*For more up-to-date notes see http://www.cs.yale.edu/homes/aspnes/classes/465/notes.pdf.*

The **session problem** demonstrates some limitations on *globally* simulating a synchronous message-passing system with an asynchronous message-passing system. In a global simulation, our goal is to produce a simulation that looks synchronous "from the outside"; that is, that looks synchronous to an observer that can see the entire schedule. In contrast, a synchronizer (see Synchronizers) produces a simulation that looks synchronous "from the inside"—the resulting execution is indistinguishable from a synchronous execution to any of the processes, but an outside observer can see that different processes execute different rounds at different times.

In our description, we will mostly follow AttiyaWelch §6.2.2; see AttiyaWelch for references on the origin of the problem.

A solution to the session problem is an asynchronous protocol in which each process repeatedly executes some **special action**. Our goal is to guarantee that these special actions group into s sessions, where a session is an interval of time in which every process executes at least one special action. We also want the protocol to terminate: this means that in every execution, every process executes a finite number of special actions.

A synchronous system can solve this problem trivially in s rounds: each process executes one special action per round. For an asynchronous system, a lower bound of Attiya and Mavronicolas (based on an earlier bound of Arjomandi et. al., who defined the problem in a slightly different communication model), shows that if the diameter of the network is D, there is no solution to the s-session problem that takes (s-1)D time or less in the worst case. The argument is based on reordering events in any such execution to produce fewer than s sessions, using the happens-before relation from LogicalClocks.

# 1. Outline of the proof

(See AttiyaWelch §6.2.2 for the real proof.)

Fix some algorithm A for solving the s-session problem, and suppose that its worst-case time complexity is (s-1)D or less. Consider some synchronous execution of A (that is, one where the adversary scheduler happens to arrange the schedule to be synchronous) that takes (s-1)D rounds or less. Divide this execution into two segments: an initial segment β that includes all rounds with special actions, and a suffix δ that includes any extra rounds where the algorithm is still floundering around. We will mostly ignore δ, but we have to leave it in to allow for the possibility that whatever is happening there is important for the algorithm to work (e.g. to detect termination).

We now want to perform a causal shuffle on β that leaves it with only s-1 sessions.
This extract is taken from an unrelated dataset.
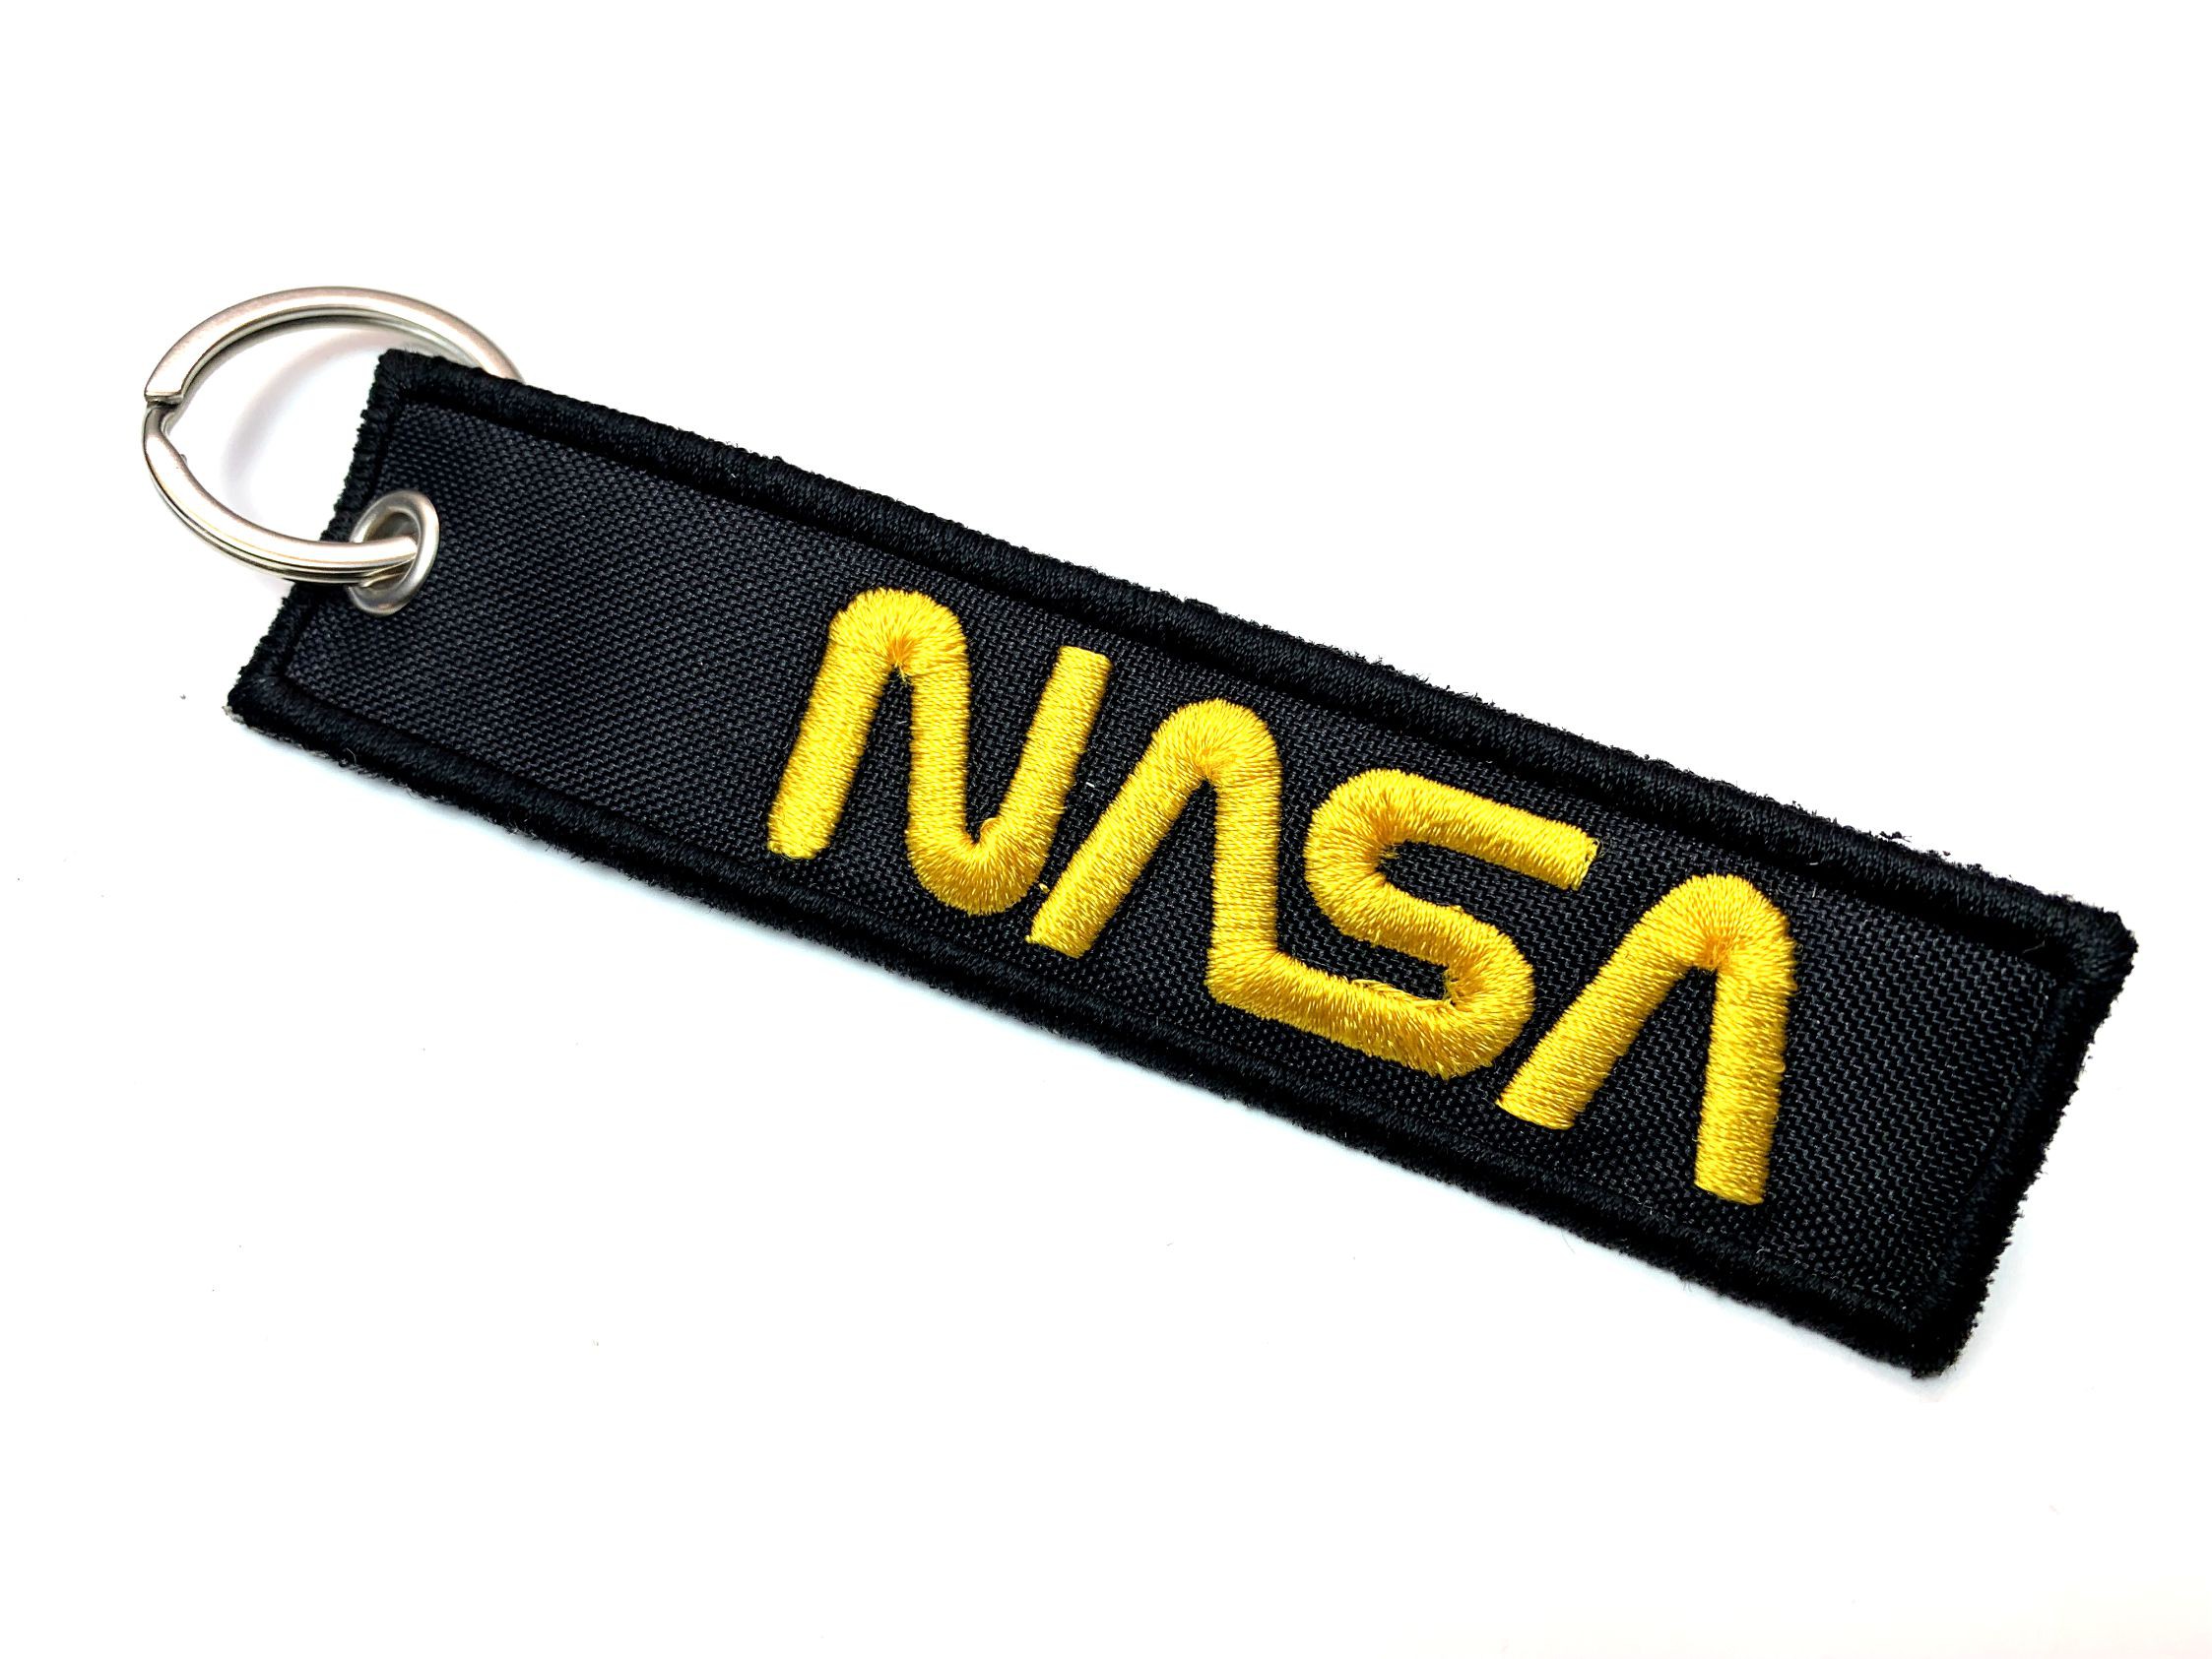 Parche bordado NASA NEGRO 9cm x 3,5cm

The first step is to chop β into at most s-1 segments β_{1},β_{2}, ... of at most D rounds each. Because the diameter of the network is D, there exist processes p_{0} and p_{1} such that no chain of messages starting at p_{0} within some segment reaches p_{1} before the end of the segment. It follows that for any events e_{0} of p_{0} and e_{1} of p_{1} in the same segment β_{i}, it is not the case that e_{0}⇒_{βδ}e_{1}. So there exists a causal shuffle of β_{i} that puts all events of p_{0} after all events of p_{1}. By a symmetrical argument, we can similarly put all events of p_{1} after all events of p_{0}. In both cases the resulting schedule is indistinguishable by all processes from the original.
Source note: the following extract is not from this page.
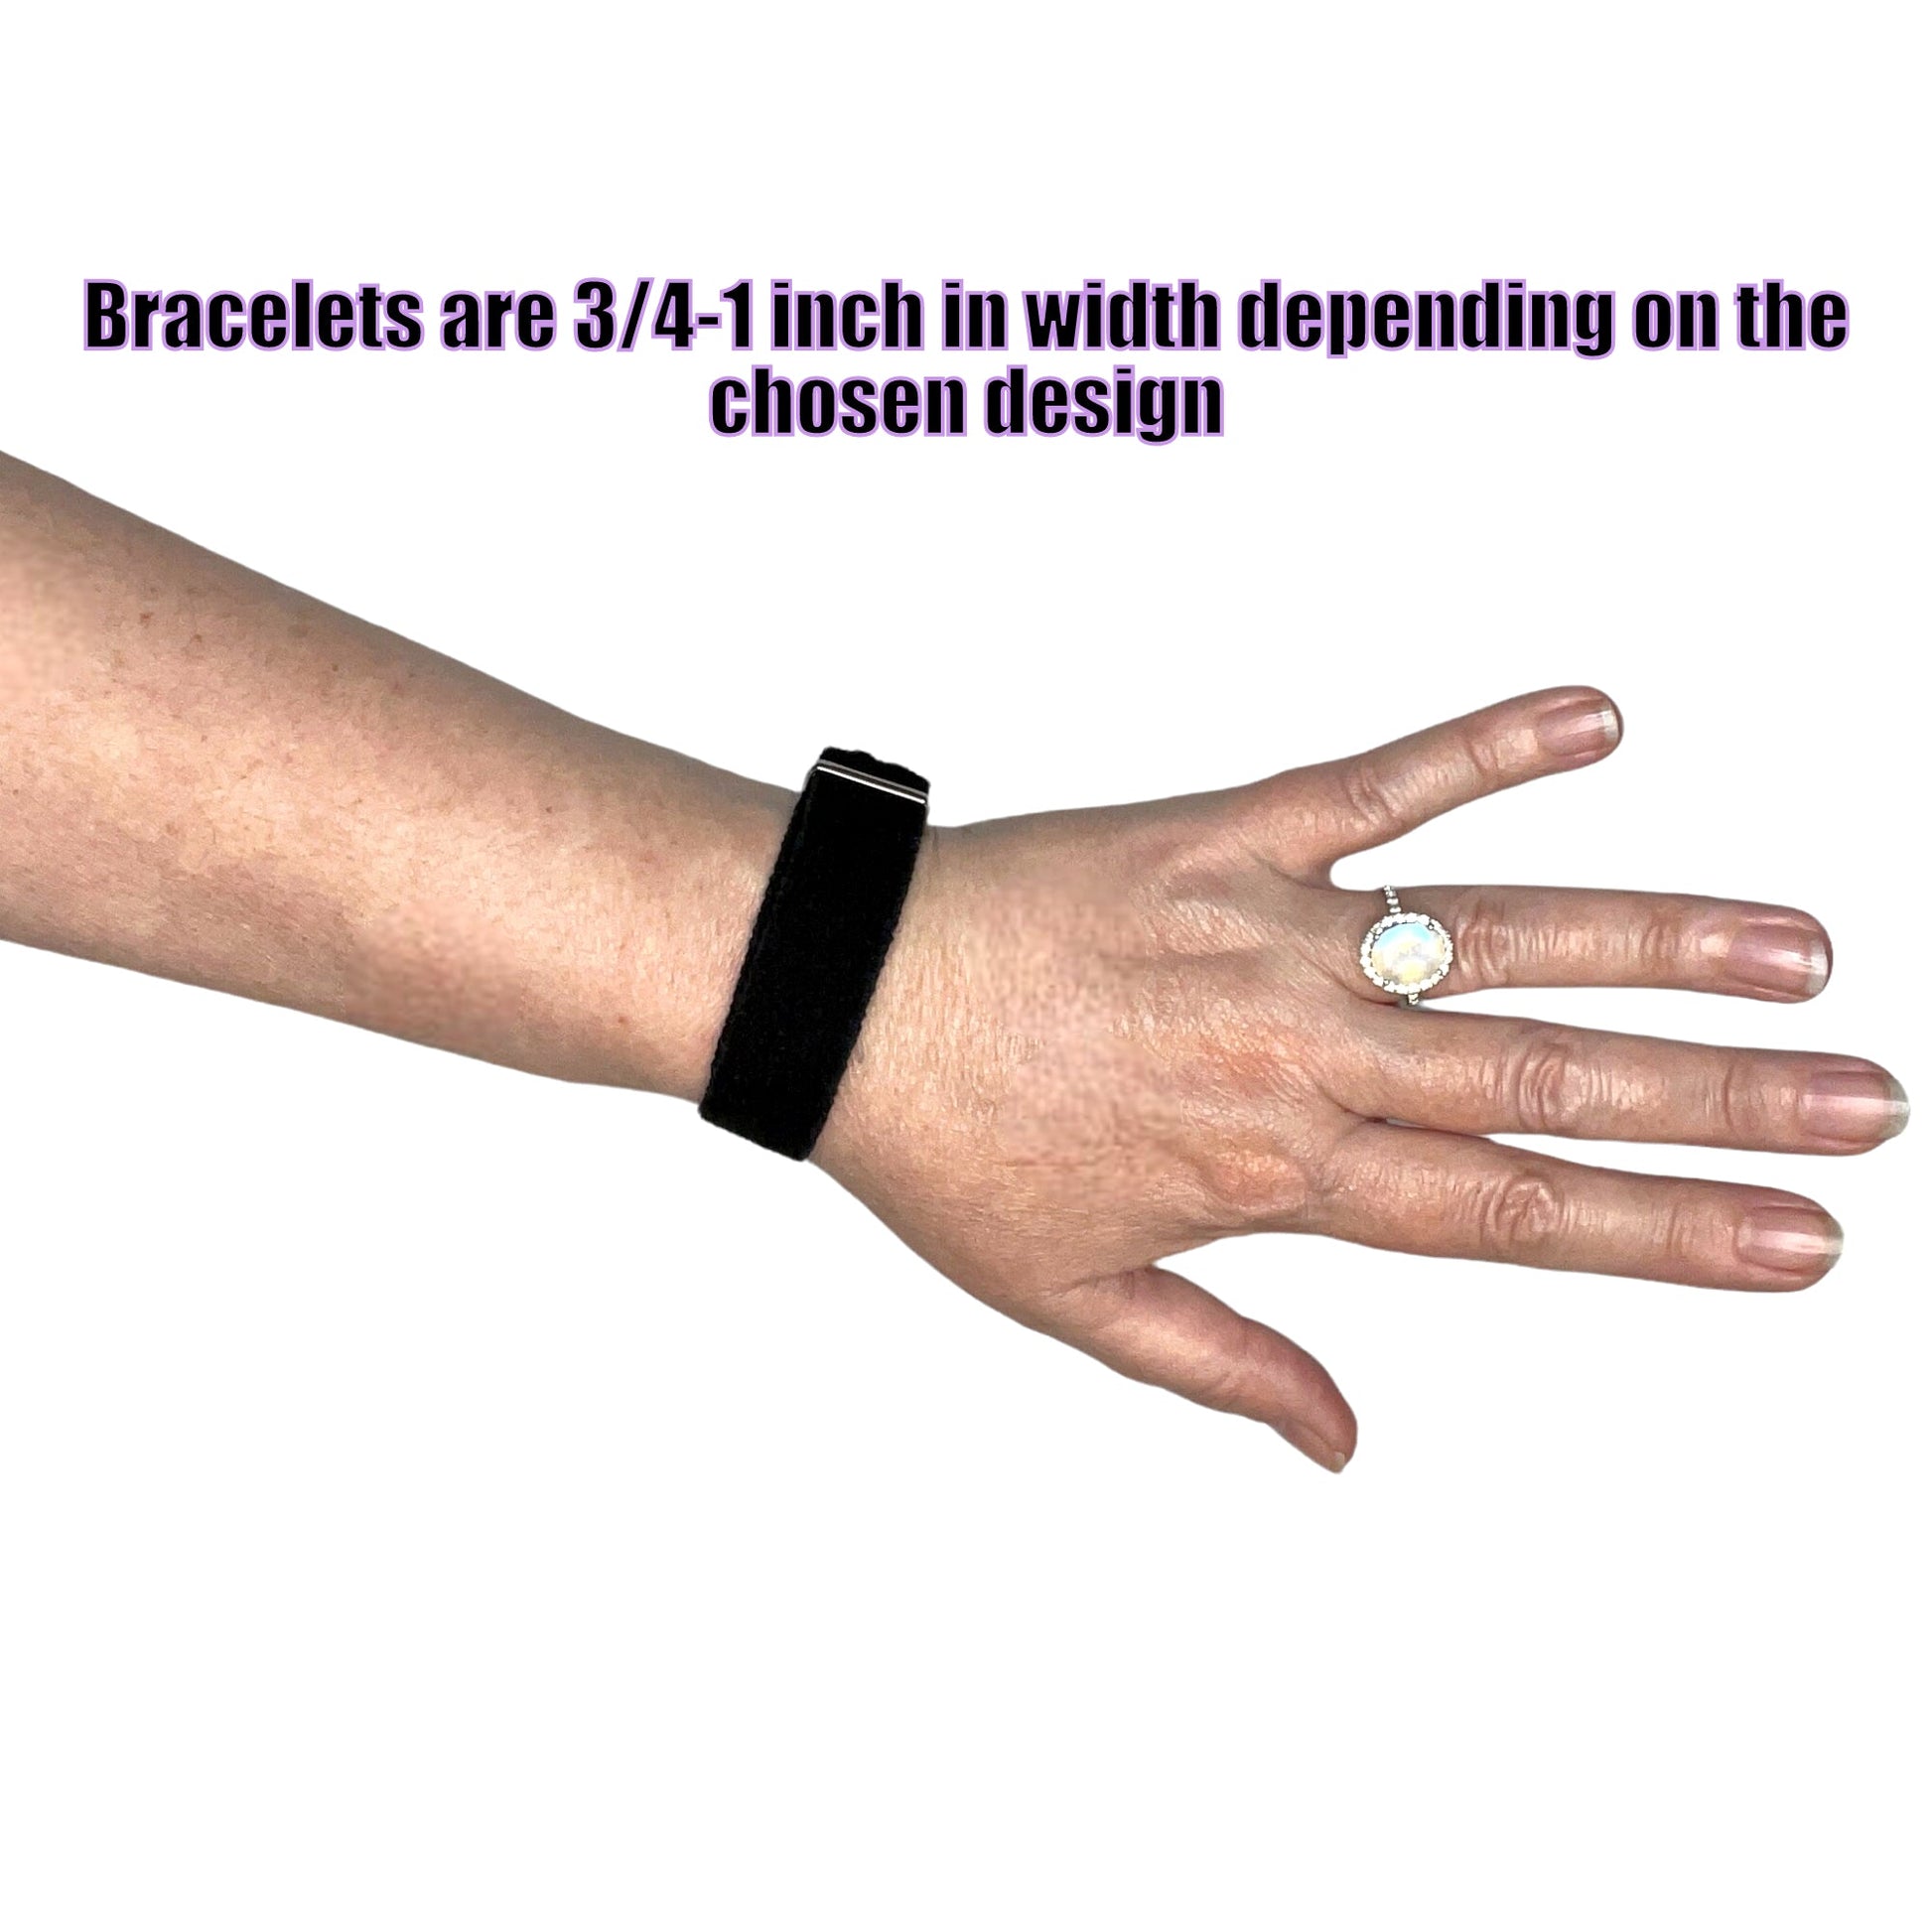 Designer Anti-Nausea Bracelets-Adjustable Motion Sickness Relief, Calming-Pair - Acupressure Bracelets

So now we apply these shuffles to each of the segments β_{i} in alternating order: p_{0} goes first in the even-numbered segments and p_{1} goes first in the odd-numbered segments, yielding a sequence of shuffled segments β'_{i}. This has the effect of putting the p_{0} events together, as in this example with (s-1) = 4:

βδ|(p

_{0},p_{1})

= β_{1}β_{2}β_{3}β_{4}δ|(p_{0},p_{1})

= β'_{1}β'_{2}β'_{3}β'_{4}δ|(p_{0},p_{1})

= (p_{1}p_{0}) (p_{0}p_{1}) (p_{1}p_{0}) (p_{0}p_{1}) δ

= p_{1}(p_{0}p_{0}) (p_{1}p_{1}) (p_{0}p_{0}) p_{1}δ

(here each p_{0}, p_{1} stands in for a sequence of events of each process).

Now let's count sessions. We can't end a session until we reach a point where both processes have taken at least one step since the end of the last session. If we mark with a slash the earliest places where this can happen, we get a picture like this:

p

_{1}p_{0}/p_{0}p_{1}/p_{1}p_{0}/p_{0}p_{1}/p_{1}δ

We have at most (s-1) sessions! This concludes the proof.